Segment Start: INFORMATION PROVIDED

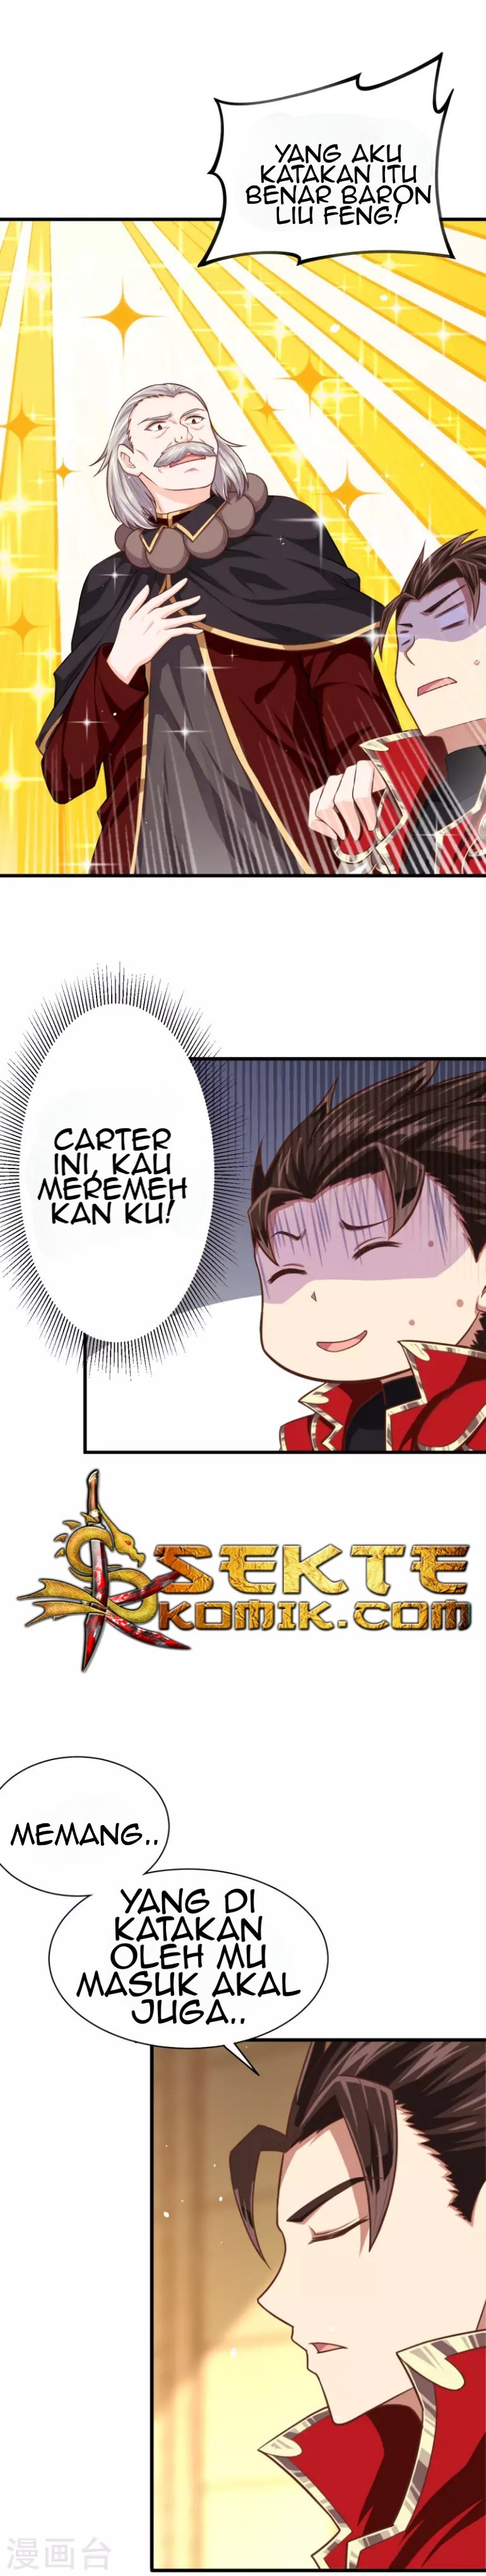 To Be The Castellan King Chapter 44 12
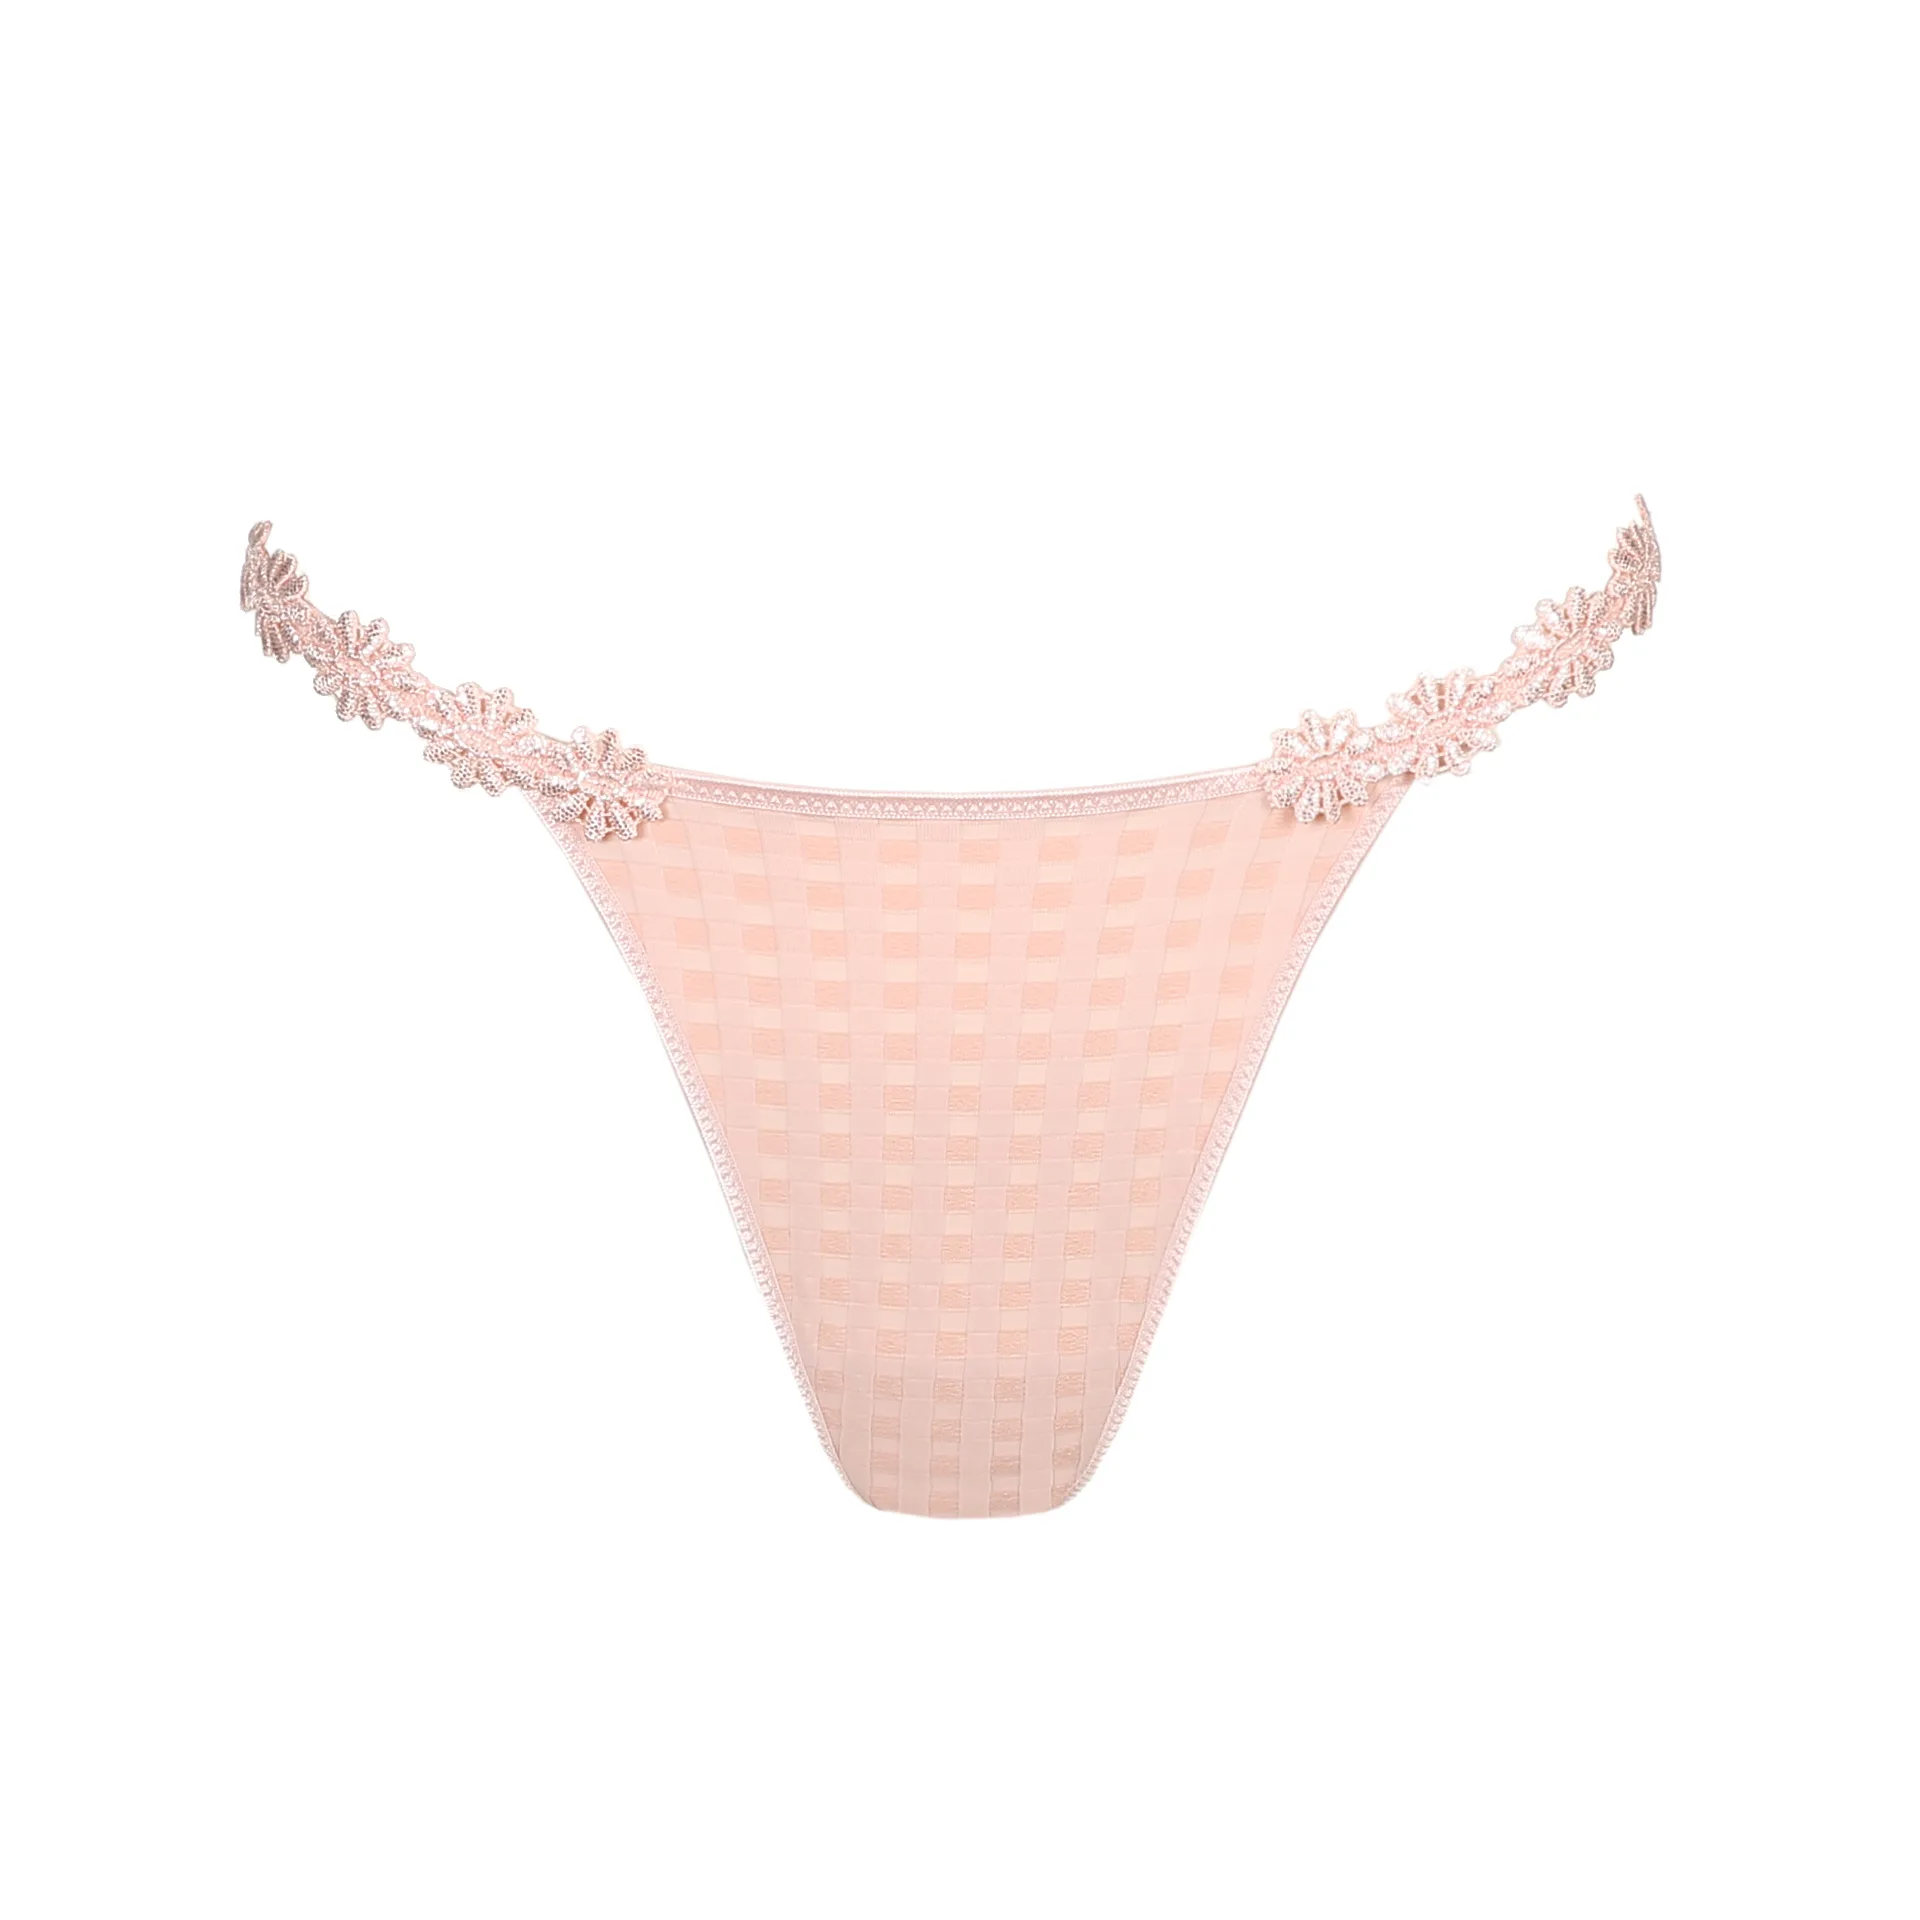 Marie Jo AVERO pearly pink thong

Segment End: INFORMATION PROVIDED
Segment Start: INFORMATION PROVIDED

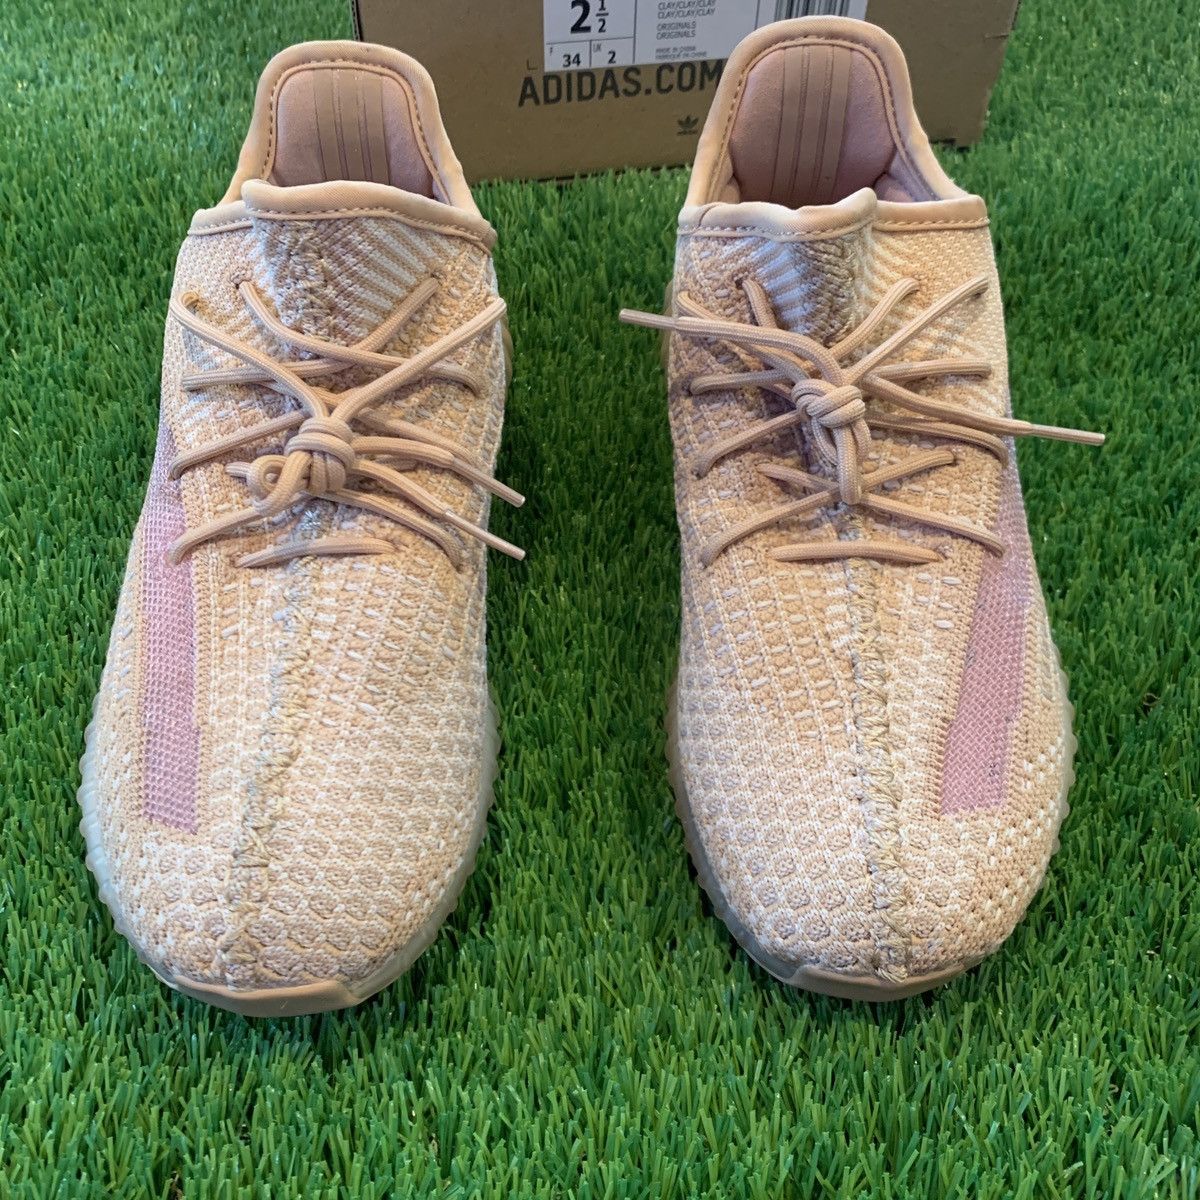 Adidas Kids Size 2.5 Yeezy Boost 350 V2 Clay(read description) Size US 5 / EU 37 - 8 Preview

Segment End: INFORMATION PROVIDED
Segment Start: INFORMATION PROVIDED

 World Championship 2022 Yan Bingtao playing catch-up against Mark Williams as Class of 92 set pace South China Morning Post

Segment End: INFORMATION PROVIDED

YOUR INSTRUCTIONS: Only one part of the listing is wanted: the lines from the one containing "To Be The Castellan King Chapter 44 12" through the one containing "Marie Jo AVERO pearly pink thong", both included. Please transcribe it exactly, leaving out the pictures.

YOUR SOLUTION:
 To Be The Castellan King Chapter 44 12
 Marie Jo AVERO pearly pink thong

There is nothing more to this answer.